Finding $T_{200}$ of given series In a certain series, the $n$th term, $T_n=4T_{n-1} + n – 1$. If $T_1$ = 4, then find the value of $T_{200}$.
I tried the following:
$T_n-T_{n-1}=3T_{n-1} + n – 1$
$T_{n-1}-T_{n-2}=3T_{n-2} + n – 2$
$T_{n-2}-T_{n-3}=3T_{n-3} + n – 3$
Then I proceeded to calculate the difference of the first $2$ and the last $2$ to get:
$$T_n-3T_{n-1}+3T_{n-2}-T_{n-3}=3(T_{n-1} -T_{n-3})$$
Well $\dots$ basically I didn't reach anywhere (neither LHS nor RHS is in friendly form). Then I also tried taking $n^{th}$ order differences and then I got a GP at $3^{rd}$ order difference but still didn't know what to do from there (I'm only familiar with APs of $n^{th}$ order difference).

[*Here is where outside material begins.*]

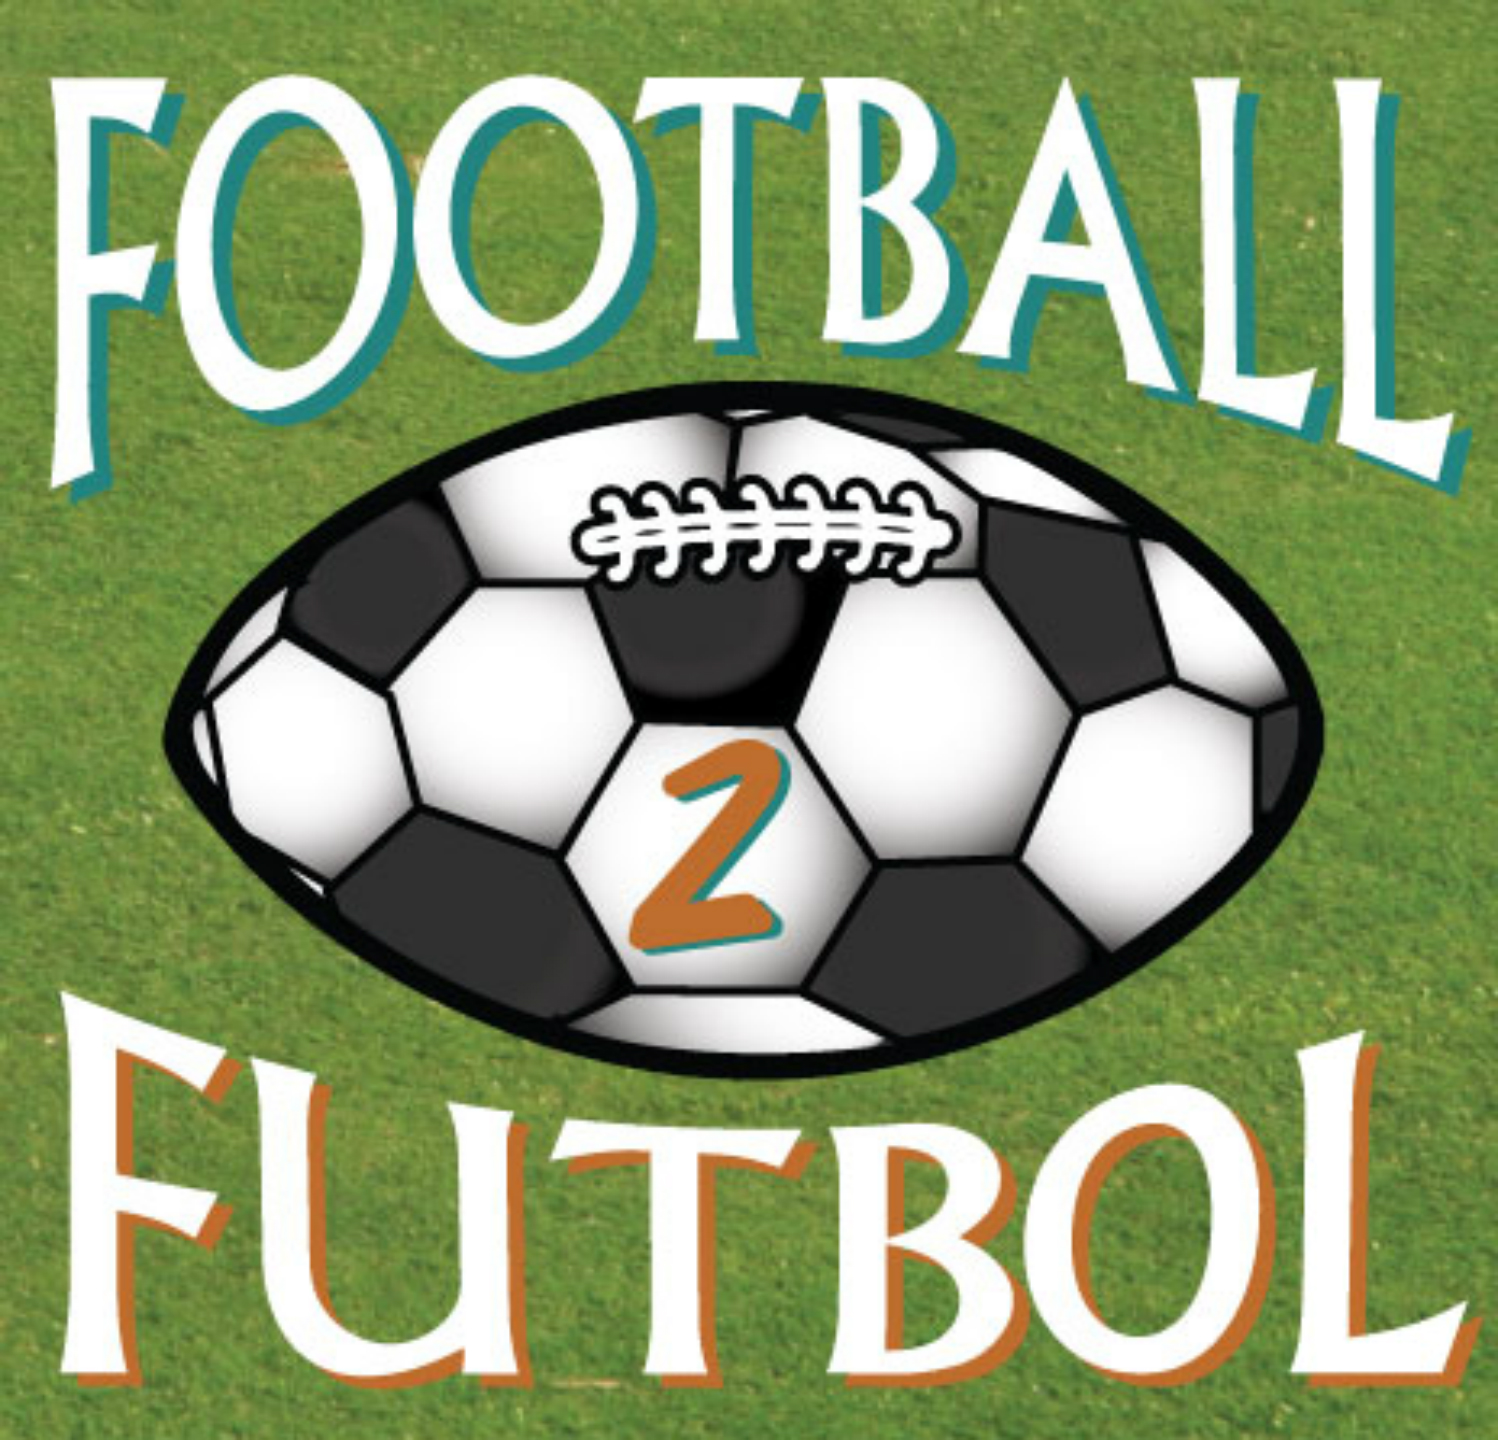 Football 2 Futbol:  NFL Week 4 Preview, Ravens vs. Steelers TNF Talk, & College Football Week 5 Preview 
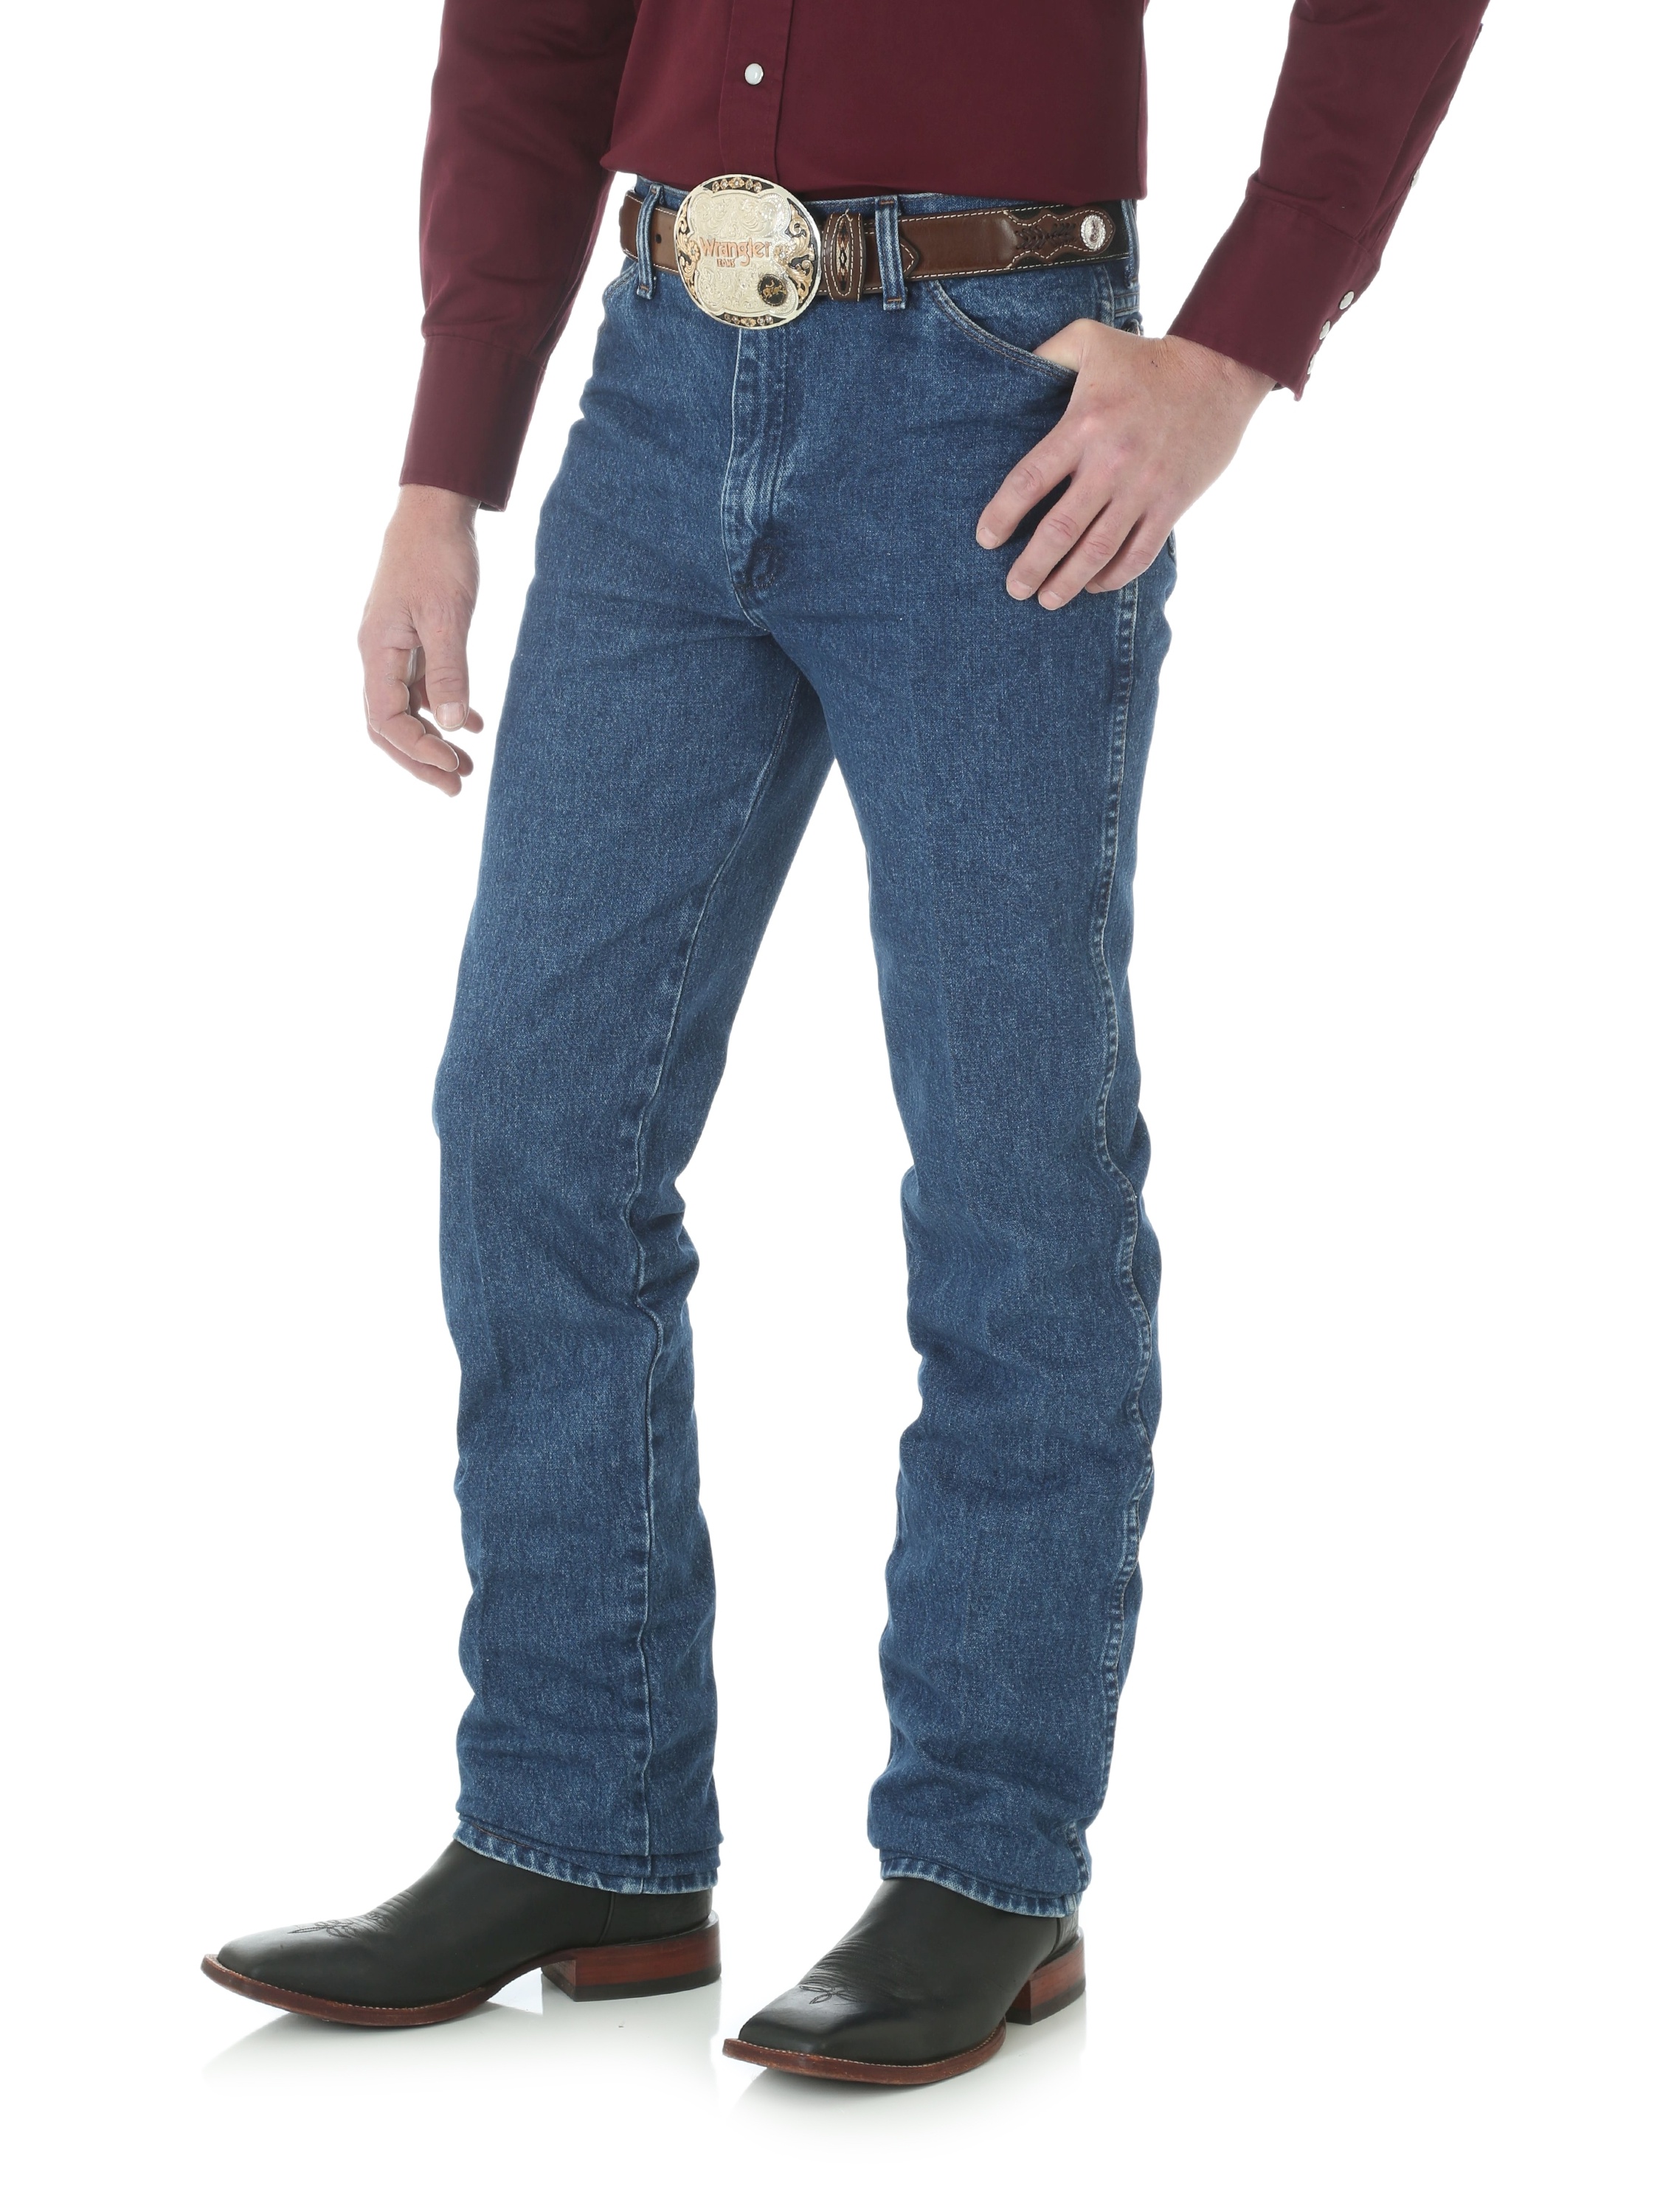 Wrangler Men's Western Cowboy Cut Slim Fit Jean - Stonewashed - image 2 of 3

How to solve this problem? Please help.
Answer (and its format):

 $$\frac {10(4^{200})-601}9$$

Edit:
Kindly suggest such that even if the question is tweaked a bit, I may be able to solve that too. For example:
$$T_n=3T_{n-1} + n – 1\text { and } T_1 = 3 \text { then } T_{100}=?$$
 A: By the question, we know $T_n+\frac{n}{3}+\frac{1}{9}=4(T_{n-1}+\frac{n-1}{3}+\frac{1}{9})$, so
$T_{200}+\frac{200}{3}+\frac{1}{9}=4^{199}(t_1+0+\frac{1}{9})=4^{199}(4+\frac{1}{9})$, thus, $T_{200}=4^{200}+\frac{4^{199}}{9}-\frac{601}{9}$.
A: The idea is to transform the original sequence $\{T_n\}$ to a geometric sequence by absorbing the term $n - 1$ into the transformed sequence. To this end, we are trying to rewrite the original recurrence relation as
\begin{equation*}
T_n + an + b = 4(T_{n - 1} + a(n - 1) + b),
\end{equation*}
where $a$ and $b$ are to be determined by
\begin{align*}
\begin{cases}
4an - an = n \\[1em]
4b - 4a - b = -1
\end{cases}.
\end{align*}
Therefore, $a = 1/3, b = (4a - 1)/3 = 1/9$.  Hence
\begin{align*}
T_n + \frac{1}{3}n + \frac{1}{9} = \left(T_1 + \frac{1}{3} + \frac{1}{9}\right)4^{n - 1}.  
\end{align*}
$T_{200}$ then follows easily.
A: Given
$$T_n = 4T_{n-1} + n - 1$$
by substitution we have
$$\begin{align*}
T_n &= 4 T_{n-1} + n - 1 \\[1ex]
&= 4^2 T_{n-2} + (n-1) + 4 (n-2) \\[1ex]
&= 4^3 T_{n-3} + (n-1) + 4 (n-2) + 4^2 (n-3) \\[1ex]
&~\vdots \\[1ex]
&= 4^k T_{n-k} + (n-1) + 4 (n-2) + 4^2 (n-3) + \cdots + 4^{k-1} (n-k) \\[1ex]
&= 4^k T_{n-k} + \sum_{i=1}^k 4^{i-1} (n-i)
\end{align*}$$
When $k=n-1$, we have
$$\begin{align*}
T_n &= 4^{n-1}T_{n-(n-1)} + \sum_{i=1}^{n-1} 4^{i-1} (n-i) \\[1ex]
&= 4^{n-1}T_1 + n \sum_{i=1}^{n-1} 4^{i-1} - \sum_{i=1}^{n-1} i \cdot 4^{i-1} \\[1ex]
&= 4^n + \frac{n(4^n-4)}{12} - \frac{4^{n+1} - 3n\cdot4^n - 4}{36} \\[1ex]
&= -\frac{4^{n+1}}{36} + 4^n - \frac n3 + 9
\end{align*}$$
and from here you can evaluate $T_{200}$. See here for methods on computing the geometric sums.